• What you need to do: Below is a listing; print exactly its lines from the one containing "Трактор ШИФЕНГ 244" down to the one containing "Thay Ram laptop giá rẻ Phú Nhuận", both inclusive, with every picture left out.

• Provided records:
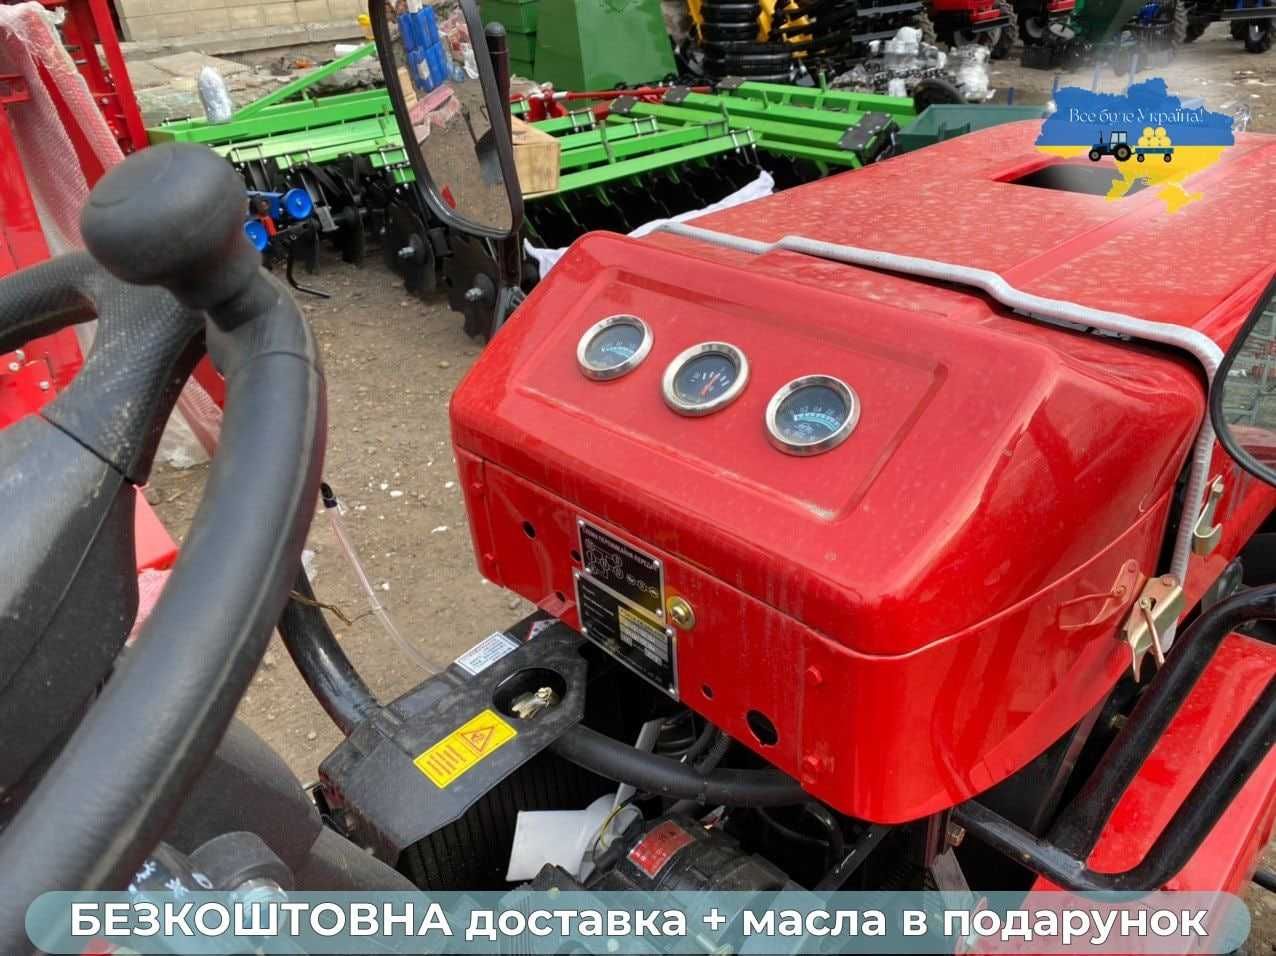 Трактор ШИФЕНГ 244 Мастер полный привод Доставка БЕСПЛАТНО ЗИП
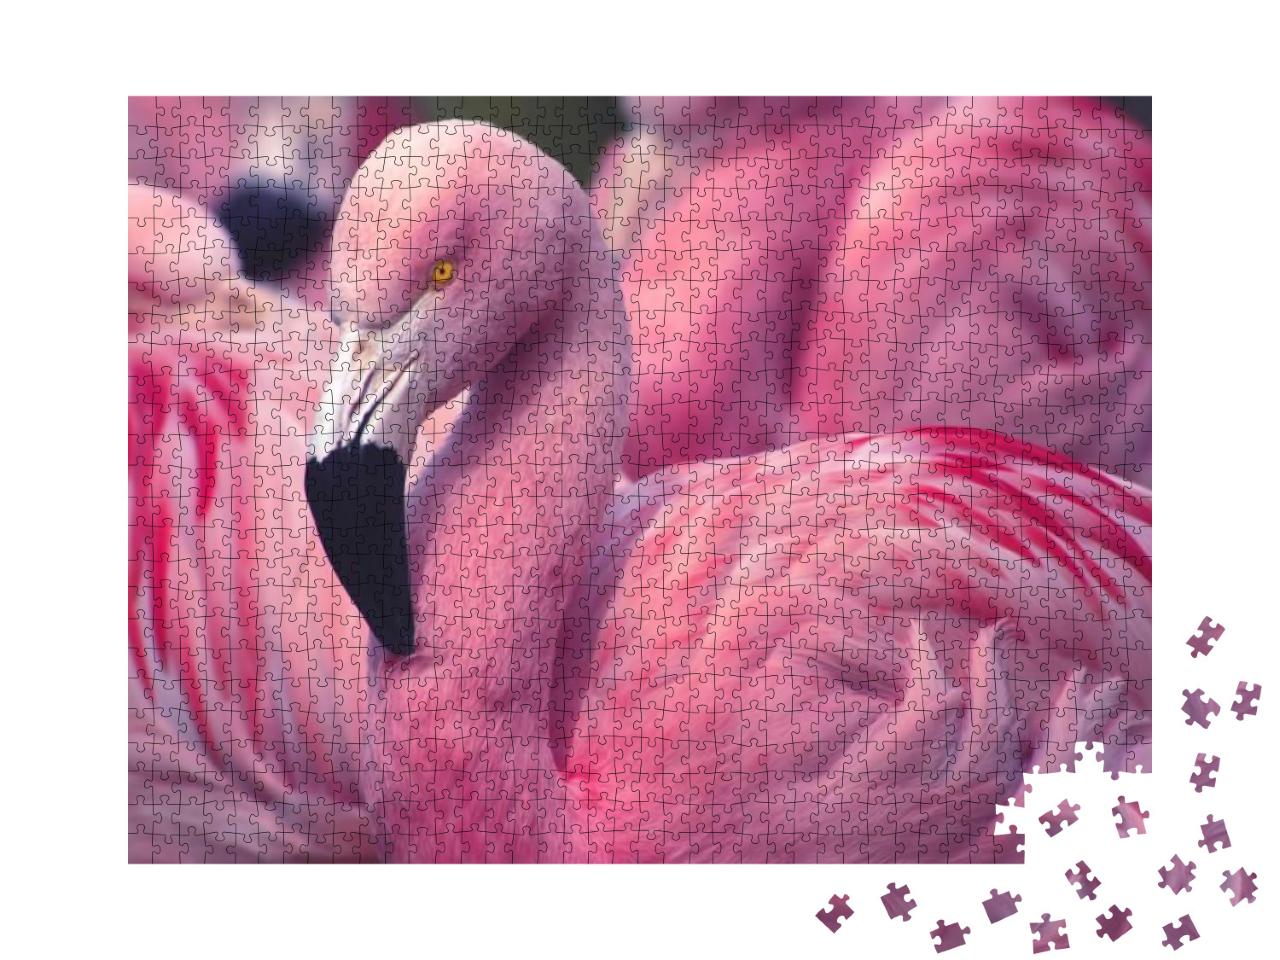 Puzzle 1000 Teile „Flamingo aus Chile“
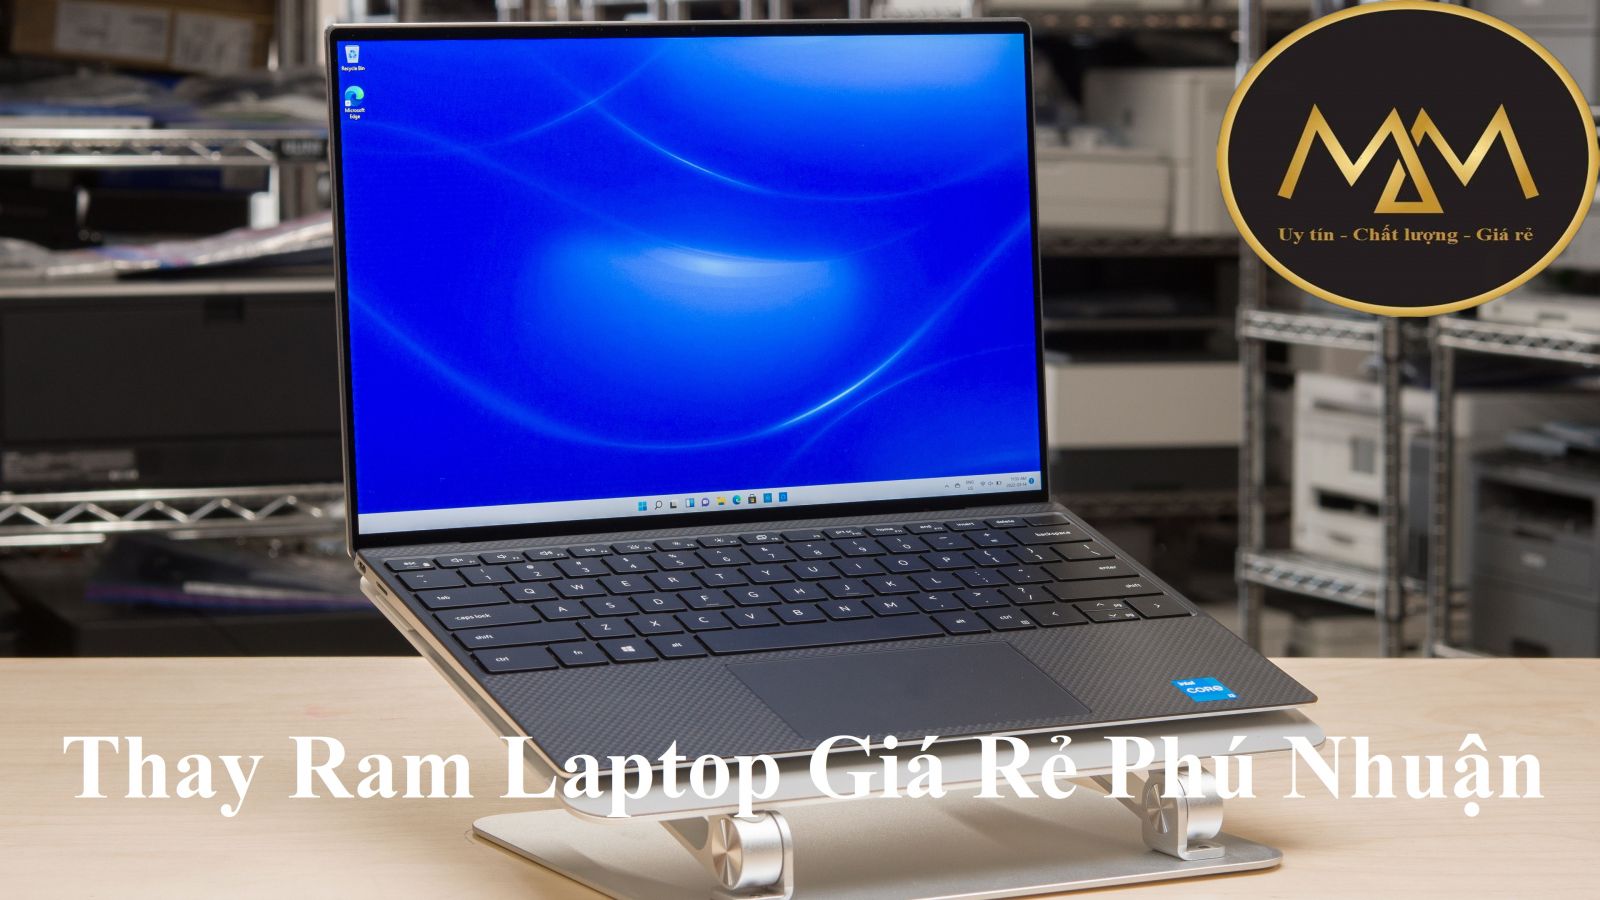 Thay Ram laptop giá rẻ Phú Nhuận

==

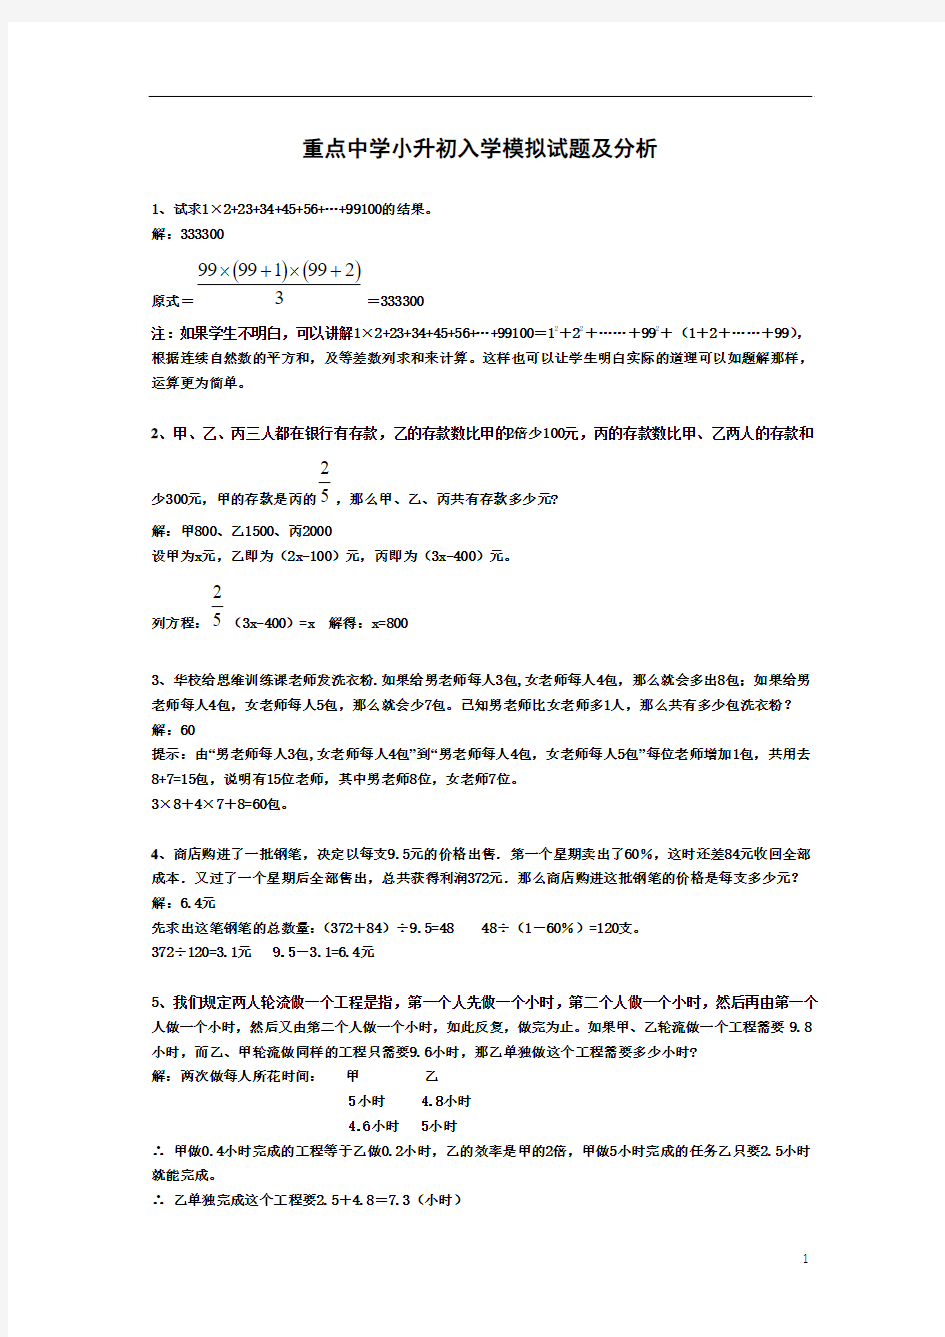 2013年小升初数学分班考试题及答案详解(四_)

• Answer box:
 Трактор ШИФЕНГ 244 Мастер полный привод Доставка БЕСПЛАТНО ЗИП
 Puzzle 1000 Teile „Flamingo aus Chile“
 Thay Ram laptop giá rẻ Phú Nhuận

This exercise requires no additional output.